The first blow is the shock. Not the gentle kind, but the kind that steals the air from your lungs. You’re first, first to fall, first to be told so there’s no reference point. No one ahead of you to say, this hurts, but it passes. No map to follow, no example to copy. Just you, standing alone, trying to understand how everything changed in a single conversation. There’s embarrassment too, a quiet, creeping shame that settles in despite the evidence of your performance. Logic tells you this isn’t about capability, but emotion whispers otherwise: you weren’t good enough.

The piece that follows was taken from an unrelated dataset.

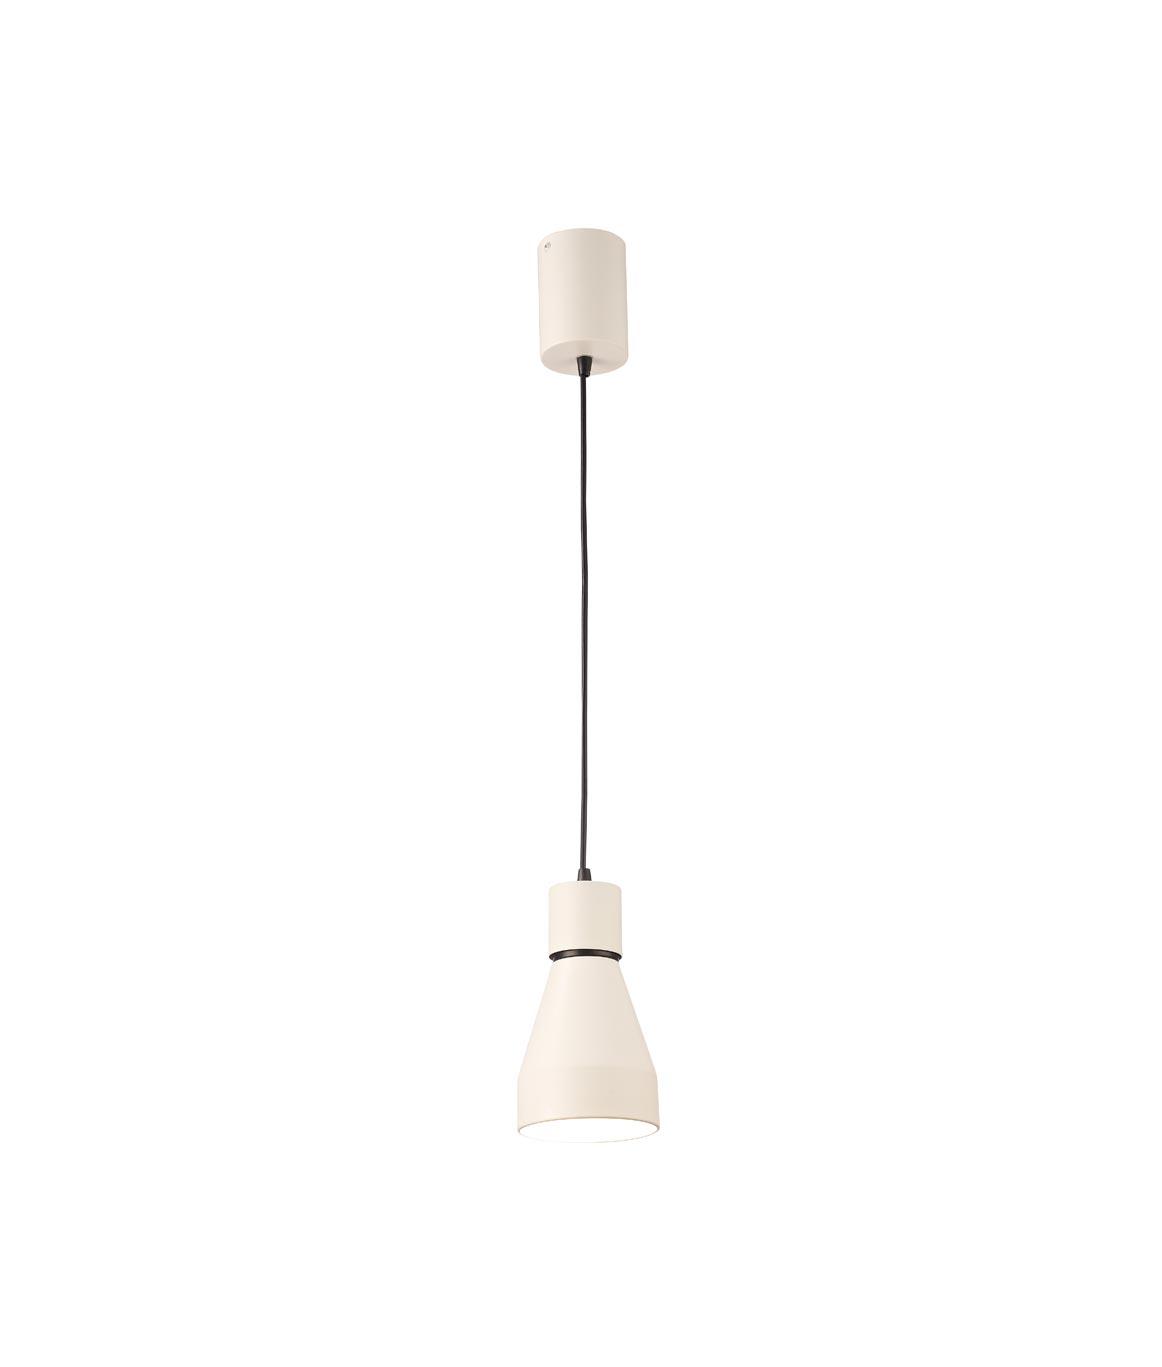 Lámpara de techo pequeña KOS blanco

Then comes the silence. HR goes quiet, so quiet it rings in your ears. Colleagues might offer a few kind words, if they’re allowed to, if they dare but the hardest truth is how many don’t. Not a LinkedIn message. Not a text. Not even a line in response to your goodbye email, assuming you were granted the dignity of sending one before your access disappeared. You sit there, staring into nothing, suspended between disbelief and reality. Did this really just happen? Hopelessness seeps in. You replay conversations, scan the past for signs, circle the same question again and again: why me?
And then something else surfaces. Rage. Sudden, blinding rage. At the decision. At the decision makers who you know deserved this outcome far more than you ever did. But rage has nowhere to go. It burns hot, then fades, leaving you with the truth you can’t avoid: this is real, and now you must act. Job hunting can no longer be passive or polite, it has to be treated with the urgency of a serious diagnosis. Survival mode. Strategy. Momentum.
This is the con of being first. But it’s not the whole story. Because for those who were first, there is something else too, something only visible once the dust settles. There is light at the end of the tunnel. And eventually, you’ll realise you didn’t just survive the fall. You were already walking toward something better.